INSTRUCTIONS FOR THE TASK
Write out the data below in full, unchanged, minus the images.

COLLECTED DATA

• • • •

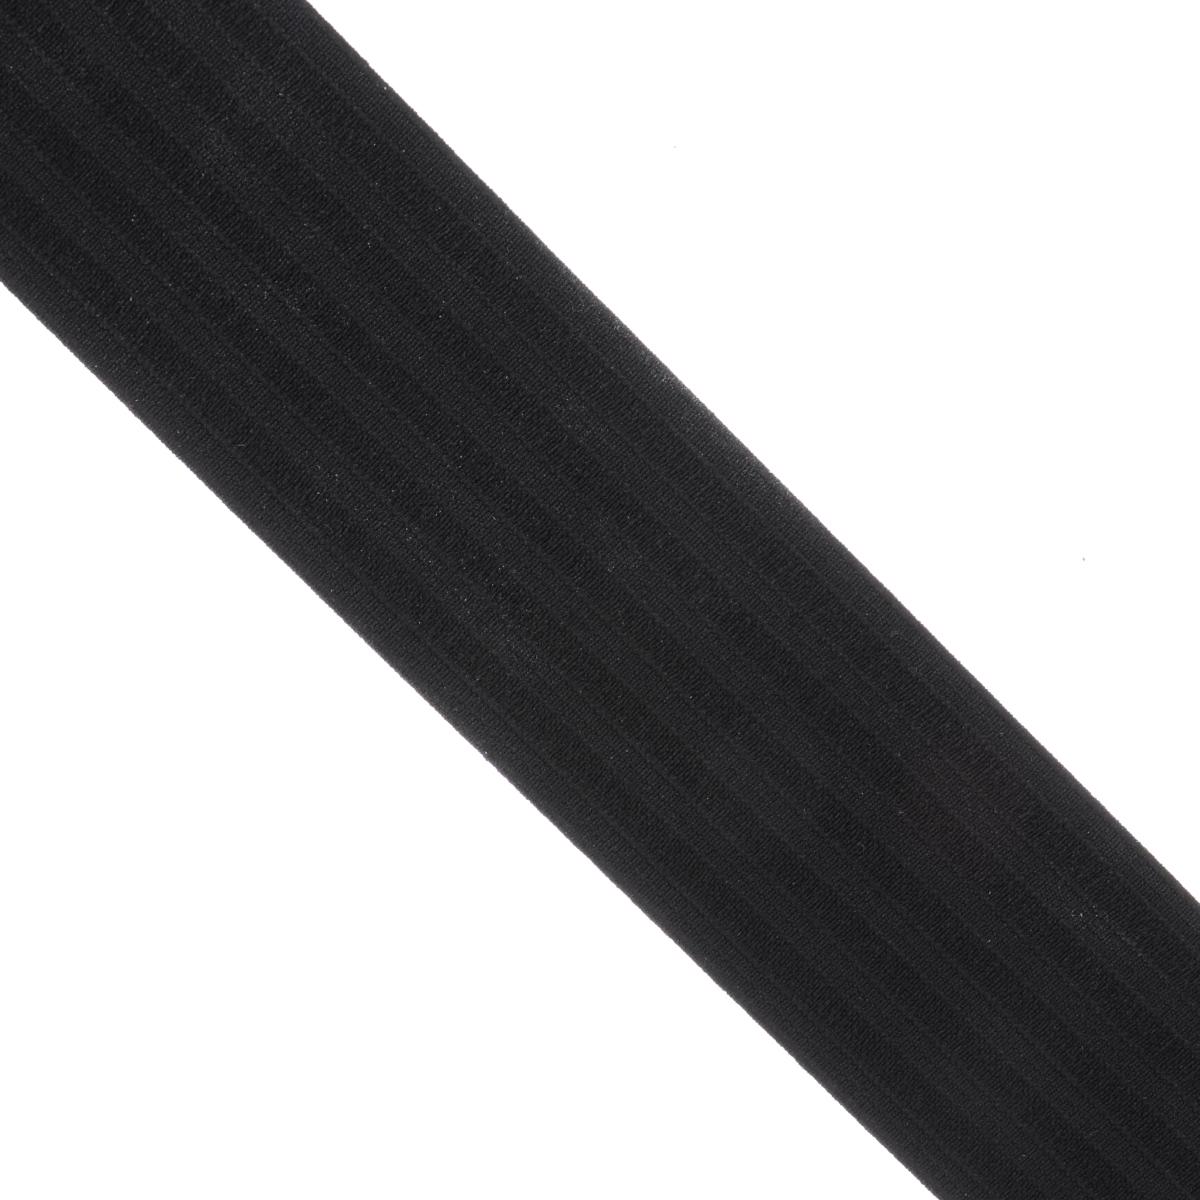 Лента эластичная Prym, для уплотнения шва, цвет: черный, ширина 5 см, длина 10 мNLED-454-9W-BKЭластичная лента Prym предназначена для уплотнения шва. Выполнена из полиэстера (80%) и эластомера (20%). Ткань прочная, стабильная, облегчает равномерное притачивание внутренней отделки.Длина ленты: 10 м.Ширина ленты: 5 см.
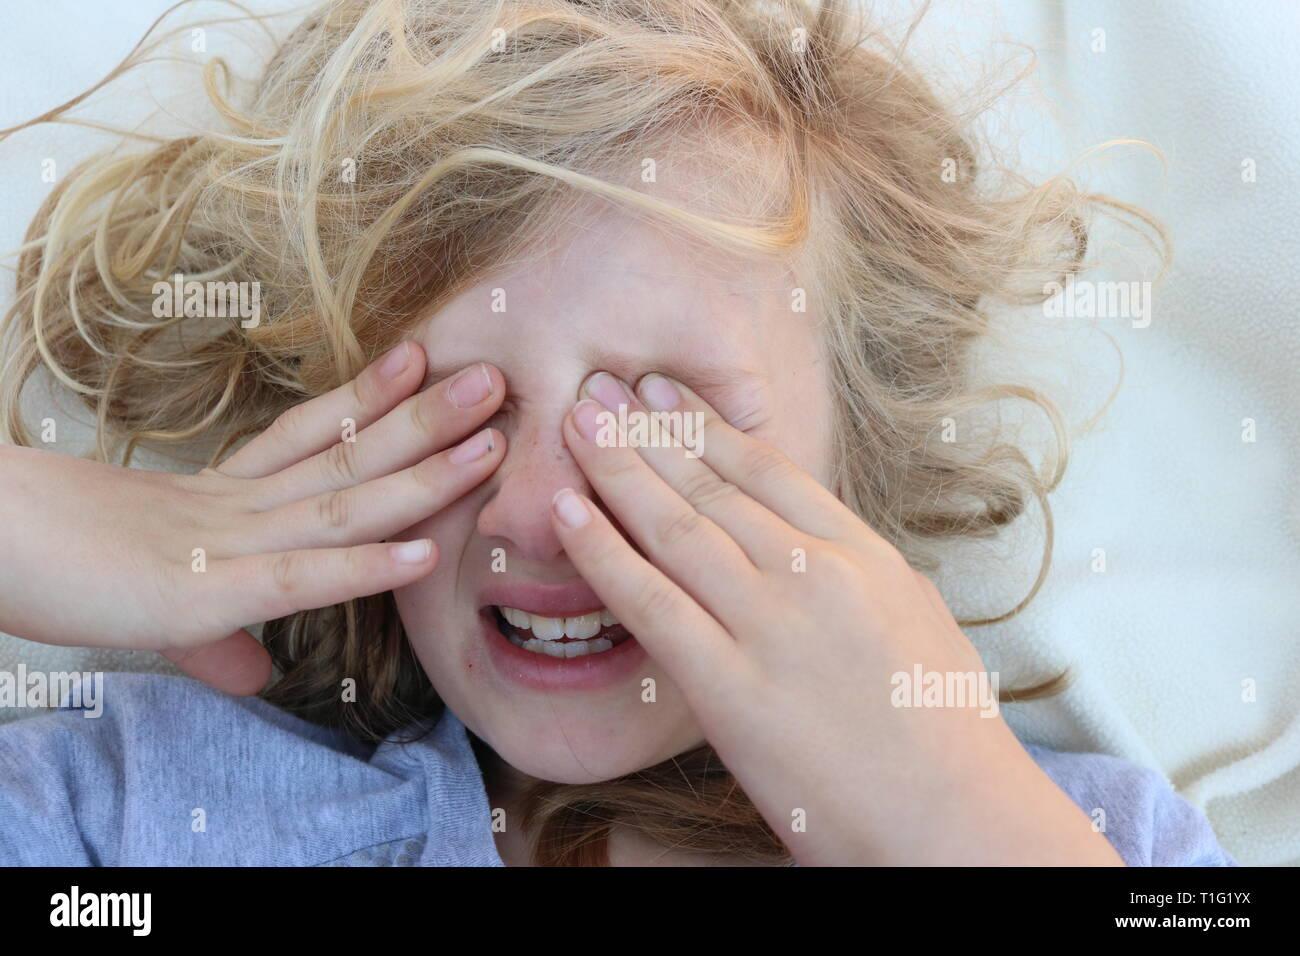 Porträt von einem müden Kind in den Schmerz mit den Händen der vor ihren Augen Stockbild
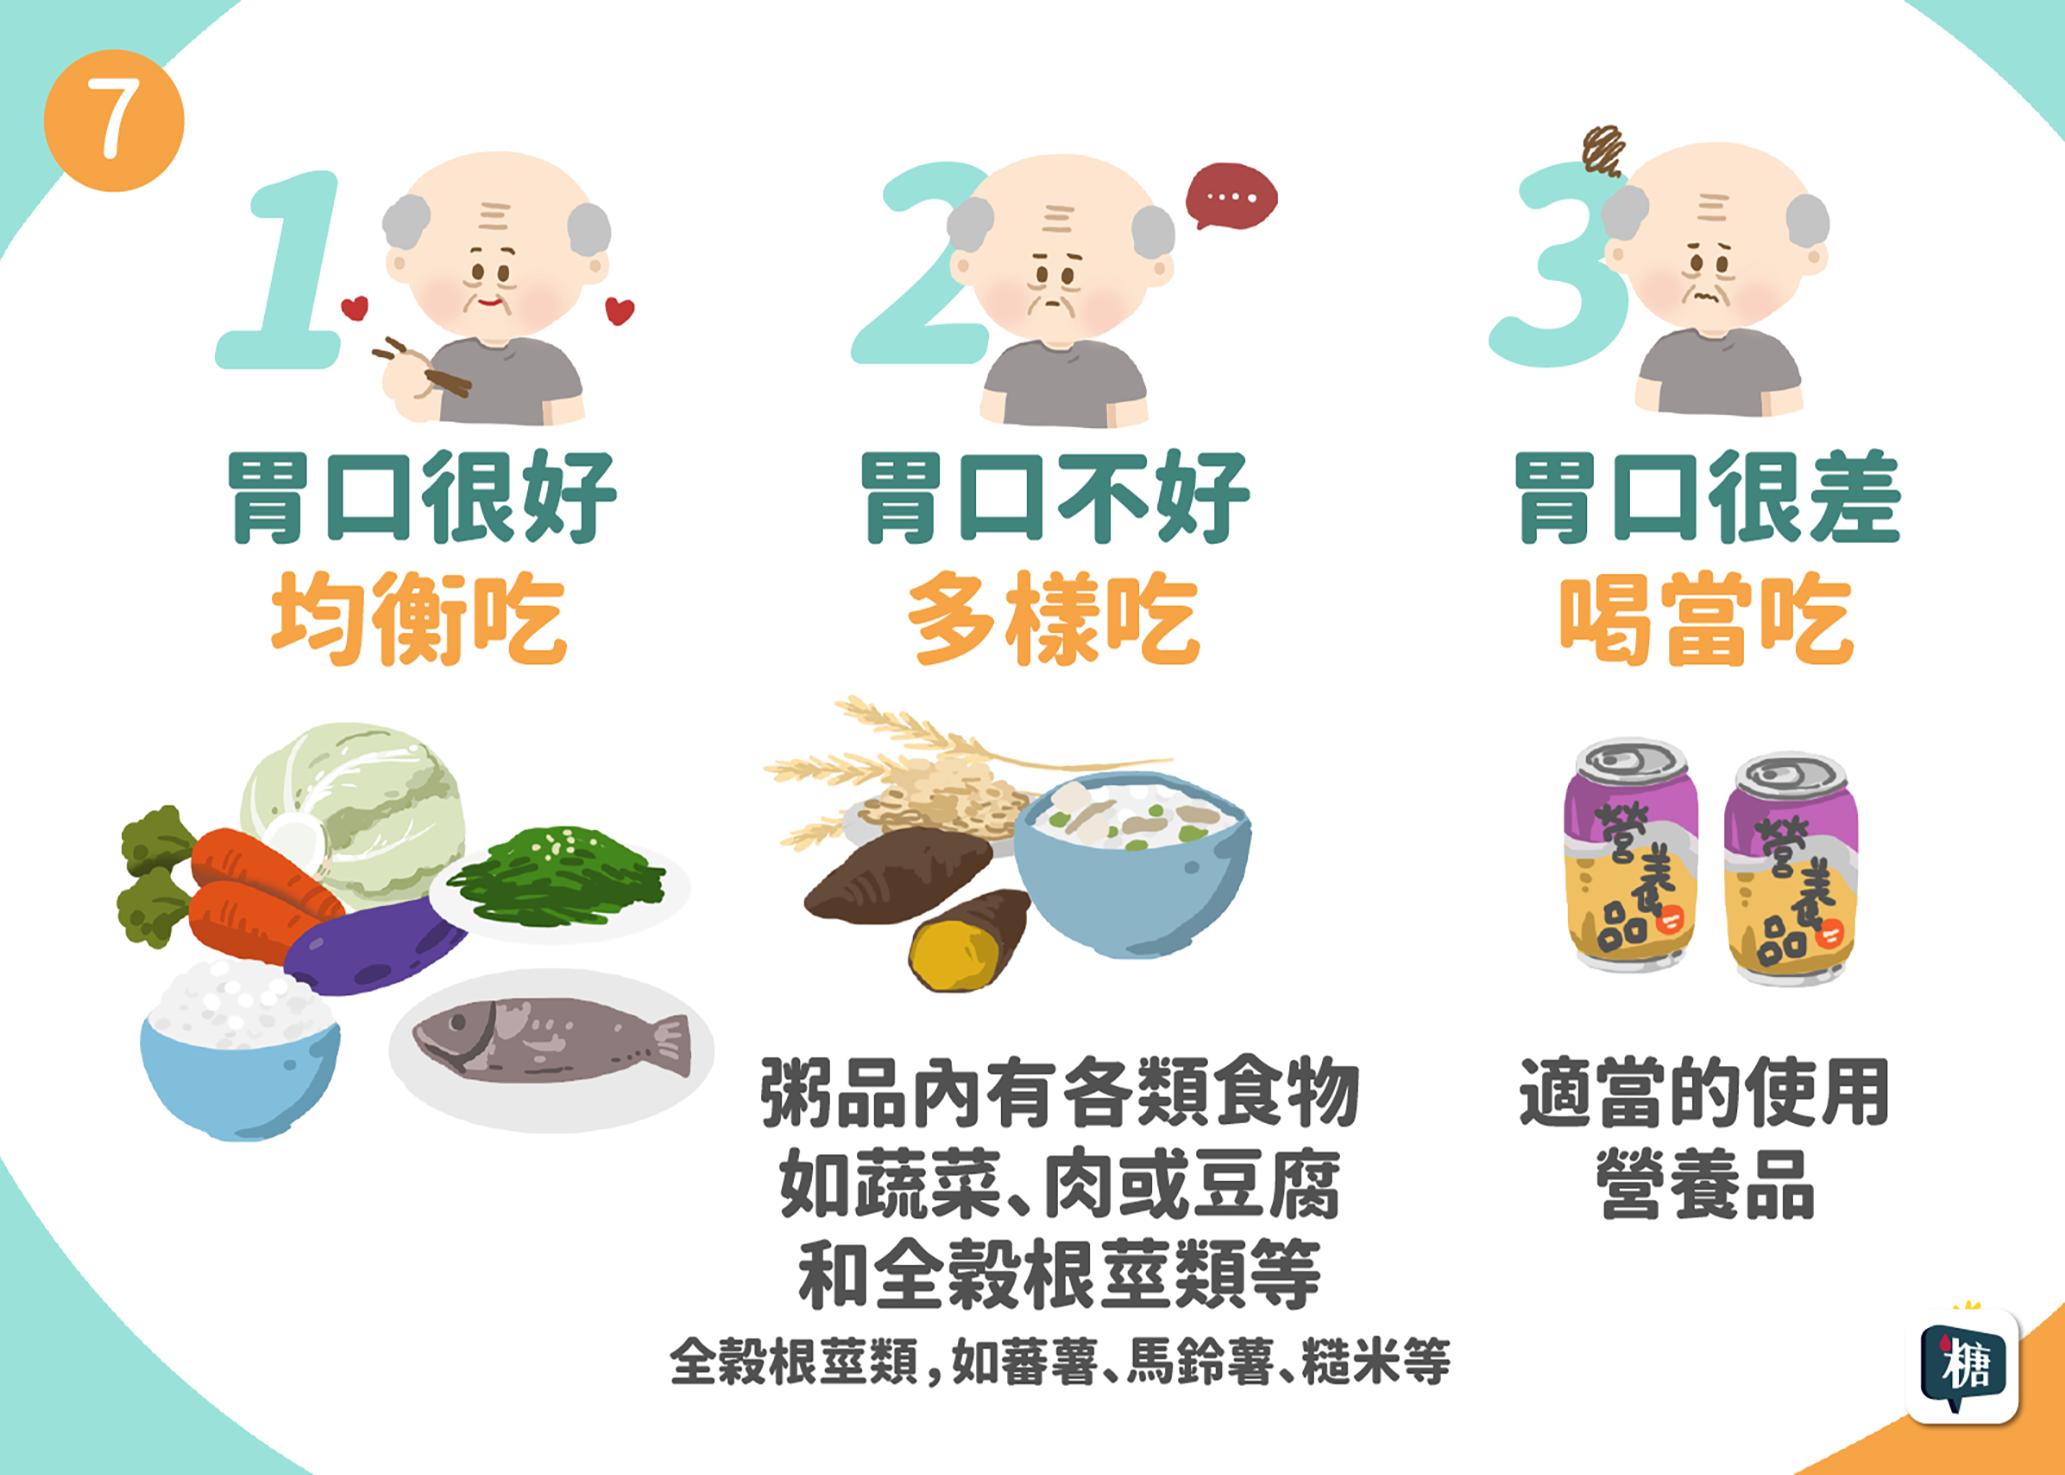 長者牙不好,咬不動,增加營養素3妙招!該怎麼吃才不會營養不良呢?

• • • •

ANSWER BOX
 Лента эластичная Prym, для уплотнения шва, цвет: черный, ширина 5 см, длина 10 мNLED-454-9W-BKЭластичная лента Prym предназначена для уплотнения шва. Выполнена из полиэстера (80%) и эластомера (20%). Ткань прочная, стабильная, облегчает равномерное притачивание внутренней отделки.Длина ленты: 10 м.Ширина ленты: 5 см.
 Porträt von einem müden Kind in den Schmerz mit den Händen der vor ihren Augen Stockbild
 長者牙不好,咬不動,增加營養素3妙招!該怎麼吃才不會營養不良呢?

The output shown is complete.